We’ll implement a compact, JAX-friendly training loop:
- Only the outer steps are
jit-compiled:train_step,eval_step. - Recurrent dynamics use
jax.lax.scan(no Python loops inside compiled code). - The dataset iterator is slice-based (avoid
array_split), better for accelerators and CPUs. - We stay on CPU to keep the focus on design; the code is accelerator-ready.
# --- Imports ---------------------------------------------------------------
from __future__ import annotations
import logging
import time
from typing import TYPE_CHECKING
import equinox as eqx
import jax
import jax.numpy as jnp
import optax
from datasets import load_dataset
from darnax.layer_maps.sparse import LayerMap
from darnax.modules.fully_connected import FrozenFullyConnected, FullyConnected
from darnax.modules.input_output import OutputLayer
from darnax.modules.recurrent import RecurrentDiscrete
from darnax.orchestrators.sequential import SequentialOrchestrator
from darnax.states.sequential import SequentialState
if TYPE_CHECKING:
from collections.abc import Iterator
logger = logging.getLogger(__name__)
logger.setLevel(logging.INFO)
1) What darnax gives you¶
darnax decomposes a model into modules connected by a LayerMap. At runtime, an orchestrator applies a message-passing schedule over a state vector.

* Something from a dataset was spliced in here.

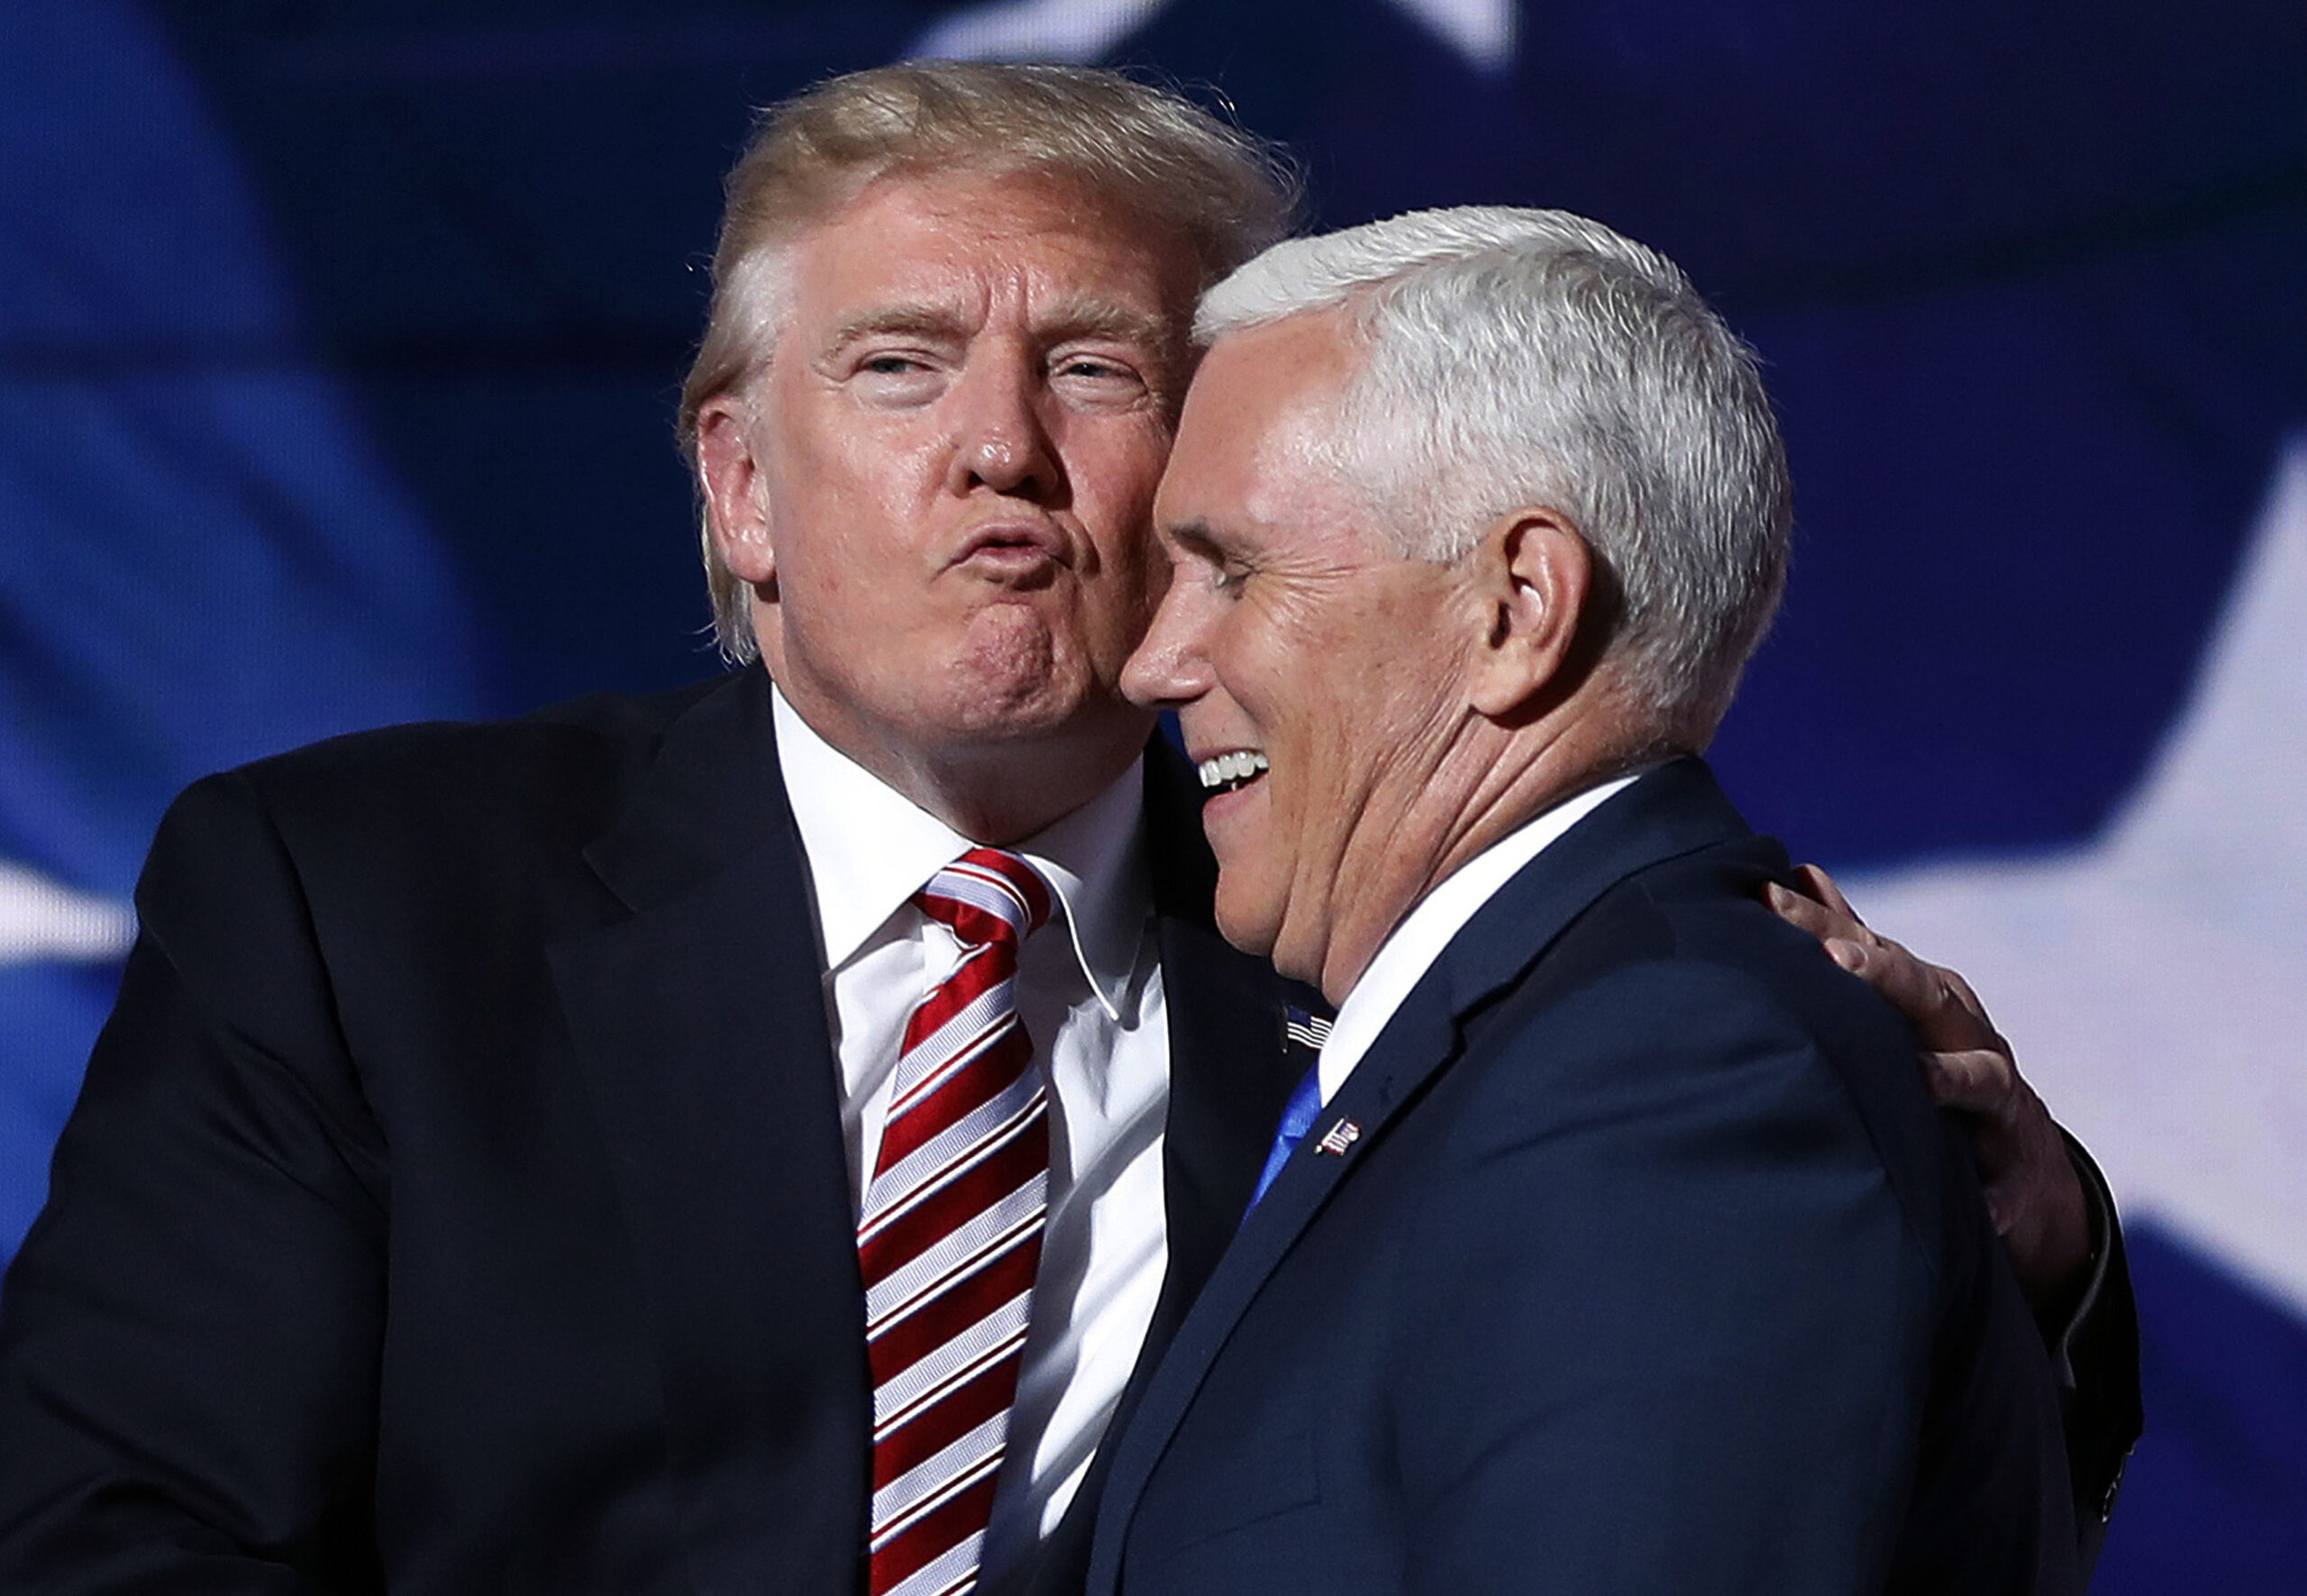 ‘He’s Delusional’: Trump Rages At ‘Liddle’ Mike Pence On Truth Social For Backing His January 6th Indictment, Claims He Turned To The ‘Dark Side’

- Modules (edges/diagonals) consume a sender buffer and emit a message to a receiver. Some modules are trainable; some are frozen; some are “diagonal” (operate on a buffer itself).
- The LayerMap defines the fixed topology: for each receiver row
i, which sendersjcontribute, and with which module. - The SequentialOrchestrator drives the update order (left→right, recurrent self, right→left as needed) and exposes:
step: full dynamics (all messages allowed).step_inference: inference dynamics (typically suppress “backward” messages).backward: compute local parameter deltas from the current state (no backprop).predict: produce output scores in the final buffer.- The State is a fixed-shape tuple of buffers
(input, hidden, output). You clamp inputs (and possibly labels) by writing them into the state, then run dynamics to a fixed point.
2) A tiny metric helper¶
Labels are One-Vs-All (OVA) in ±1. We decode predictions via argmax.
def batch_accuracy(y_true: jnp.ndarray, y_pred: jnp.ndarray) -> float:
"""Accuracy with ±1 OVA labels (class = argmax along last dim)."""
y_true_idx = jnp.argmax(y_true, axis=-1)
y_pred_idx = jnp.argmax(y_pred, axis=-1)
return jnp.mean((y_true_idx == y_pred_idx).astype(jnp.float32))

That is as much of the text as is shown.